I was re-reading my old Relativity book (by Rindler) and taking a look at some of the problems. He asks: Using a Minkowski diagram to establish the following result:
Given two rods of rest lengths $l_1$ and $l_2 (l_2 < l_1)$, moving along a common line with relativity velocity $v$, there exists a unique inertial frame $S'$ moving alone the same line with velocity $c^2 [l_1 - l_2/\gamma(v)]/(l_1v)$ relative to the longer rod, in which the two rods have equal lengths, provided $l_1^2(c-v) < l_2^2(c+v)$.

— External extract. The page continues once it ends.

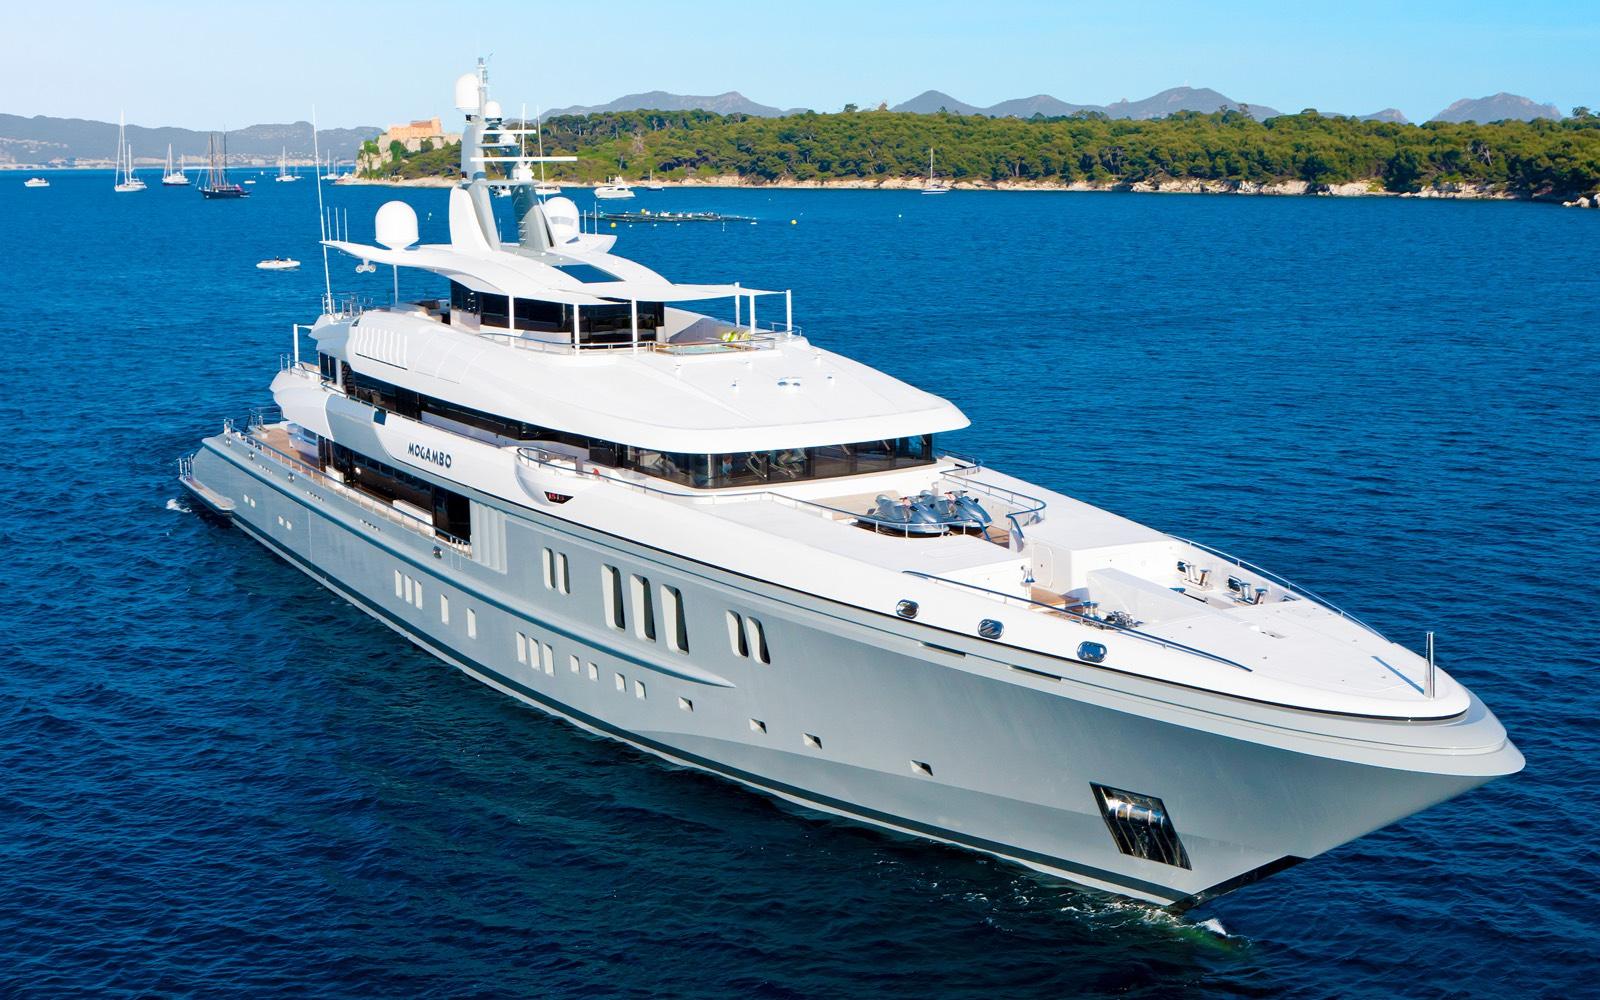 Motor yacht Mogambo

I'm generally confused on how to use a Minkowski diagram to derive this mathematical result, but I'm more confused on conceptual grounds. In the frame $S$ of $l_1$ you have the the lengths $l_1$ and $\frac{l_2}{\gamma(v)}$ for the two rods. Now, if we were to subtract these two values and make a LT into another frame where their lengths are equal - $\Delta x' = \gamma((l_1 - l_2/\gamma(v)) - v'\Delta t) = 0$ we can solve for $v'$. But $\Delta t$ should be $0$ since you're measuring these lengths simultaneously. Since you'll measure these lengths simultaneously in $S'$ as well $\Delta t'$ will be zero too. So you have three coordinate differences that are zero, which doesn't seem to make sense for this type of problem. Am I just approaching this all wrong? Does the Minkowski diagram derivation make this result trivial? Also, assuming that all both rods will contract by the same factor in this inertial frame, I don't see how it's possible for $l_1$ to ever be equal to $l_2$.